Figure 4. (A) Objects on a tiny scale. (B) Normal proportion of objects.

IoU only works when bounding boxes overlap. Hence, GIoU (Lin et al., 2017b) was proposed to solve this problem by adding a penalty term. But when two bounding boxes contain each other, GIoU degrades to IoU. Subsequently, DIoU (Zheng et al., 2019) and CIoU (Zheng et al., 2020) were proposed to overcome these issues. However, GIoU, DIoU, and CIoU are all extensions of IoU, commonly used in loss functions. They still exhibit sensitivity to positional deviations of small target objects in label allocation. To overcome these shortcomings, this paper adds NWD (Wang J. et al., 2021) to the CIoU loss function, with both components accounting for half of the total loss function. The primary step of NWD is to model the bounding box as a two-dimensional Gaussian distribution, then use NWD to measure the similarity of the derived Gaussian distributions. NWD can measure distribution similarity even in non-overlapping cases, and it is insensitive to the scale of the target. It is particularly suitable for measuring the similarity of small target objects.

For small target objects, since most real objects are unlikely to be standard rectangles, the bounding boxes often carry some background information. The information of the target object and the background information are concentrated at the center point and the boundary of the bounding box, respectively. Therefore, when creating a two-dimensional Gaussian distribution for the bounding box, the center pixel of the bounding box can be set as the highest weight, which then gradually decreases from the center point to the boundary. For a horizontal bounding box R, μ and ∑ represent the mean vector and covariance matrix of the Gaussian distribution, which can be fitted into a two-dimensional Gaussian distribution N(μ, ∑), where:

R = (c_{x}, c_{y}, w, h), μ = [\begin{matrix} c_{x} \\ c_{y} \end{matrix}], \sum = (\begin{matrix} \frac{W^{2}}{4} & 0 \\ 0 & \frac{h^{2}}{4} \end{matrix}) (1)

In this way, the similarity between bounding boxes is transformed into the distance between Gaussian distributions, where (c_x, , c_y) are the center coordinates of the bounding box, and w and h are the width and height. The Wasserstein distance is used to calculate the distribution distance. The second order Wasserstein distance between different bounding boxes μ₁ and μ₂ is as follows:

W_{2}^{2} (μ_{1}, μ_{2}) = {|| m_{1} - m_{2} ||}_{2}^{2} (2)

+ T r (\sum_{1} + \sum_{2} - 2 {(\sum_{2}^{1 / 2} \sum_{1} \sum_{2}^{1 / 2})}^{1 / 2})

where

μ_{1} = N (m_{1}, \sum_{1}), μ_{2} = N (m_{2}, \sum_{2}) (3)

Using Gaussian distributions N₁ and N₂, where N₁ represents bounding box N₂ represents bounding box B, the formula can finally be simplified as:

W_{2}^{2} (N_{1}, N_{2}) (4)

= {|| ({[c_{1 x}, c_{1 y}, \frac{w_{1}}{2}, \frac{h_{1}}{2}]}^{T}, {[c_{2 x}, c_{2 y}, \frac{w_{2}}{2}, \frac{h_{2}}{2}]}^{T}) ||}_{2}^{2}

Where

A = (c_{1 x}, c_{1 y}, w_{1}, h_{1}), B = (c_{2 x}, c_{2 y}, w_{2}, h_{2}) (5)

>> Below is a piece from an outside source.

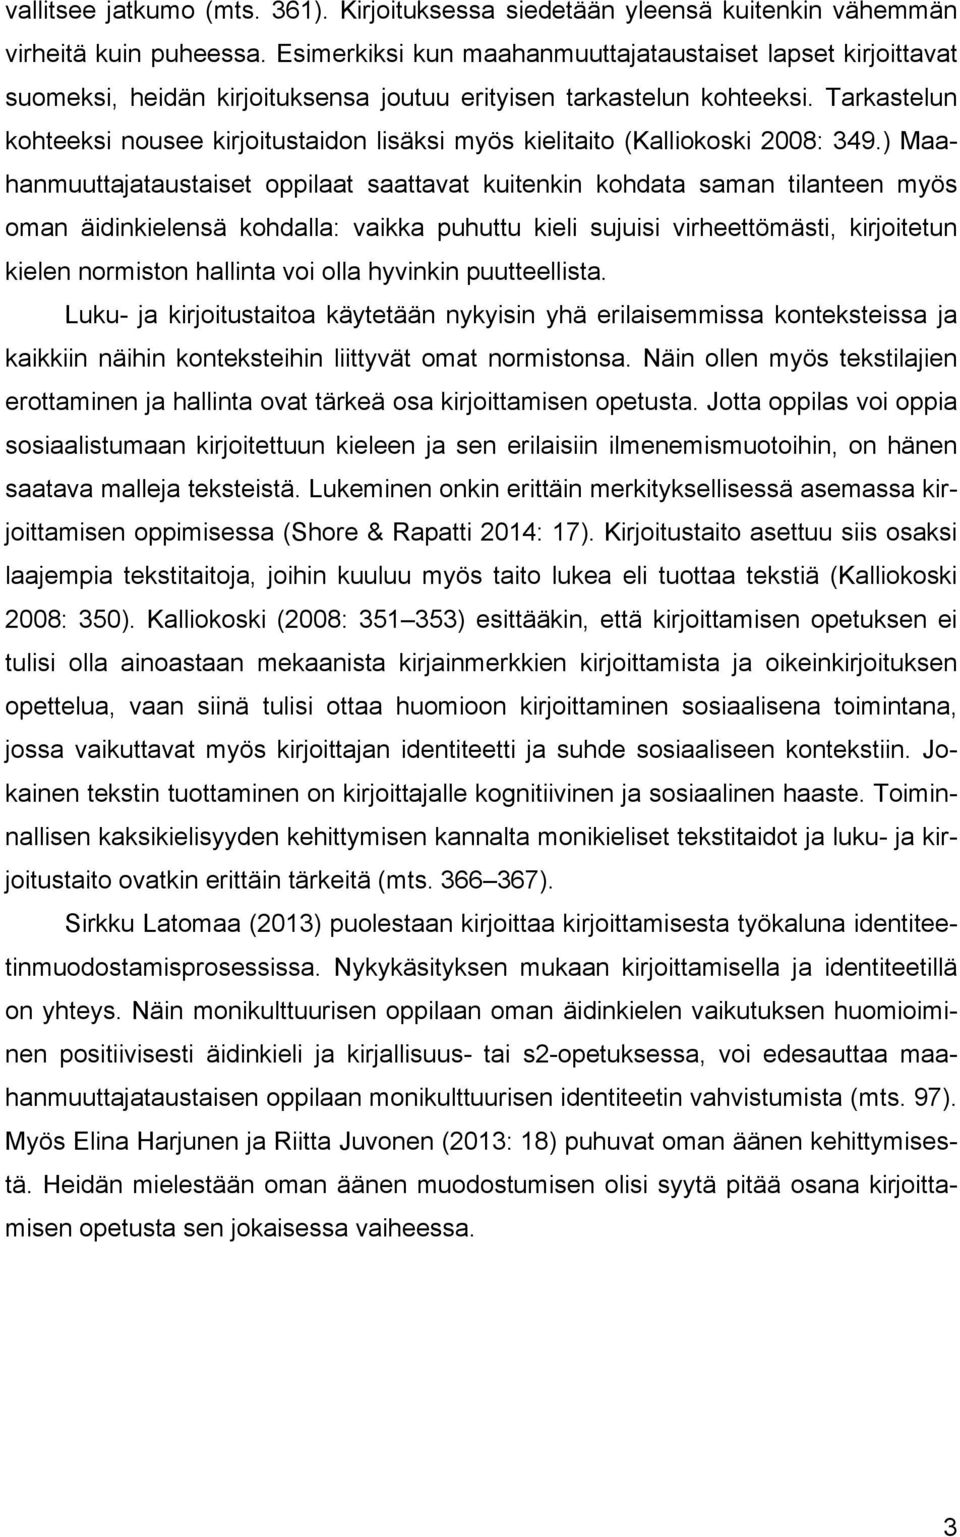 Tarkastelun kohteeksi nousee kirjoitustaidon lisäksi myös kielitaito (Kalliokoski 2008: 349.

As $W_{2}^{2} (N_{1}, N_{2})$ functions as a unit of distance rather than a similarity measure, and IoU operates as a ratio bounded between 0 and 1, the necessity to normalize this distance arises. This leads to the computation of the Normalized Wasserstein Distance (NWD), which yields a standardized measure suitable for comparison. The final normalized result is NWD (Normalized Wasserstein Distance):

W L (N_{1}, N_{2}) = \exp (- \frac{\sqrt{W_{2}^{2} (μ_{1}, μ_{2})}}{C}) (6)

where C is a constant set empirically, set as 12.8 in this paper.

3.2.3. Lightweight upsampling operator CARAFE (content-aware ReAssembly of features)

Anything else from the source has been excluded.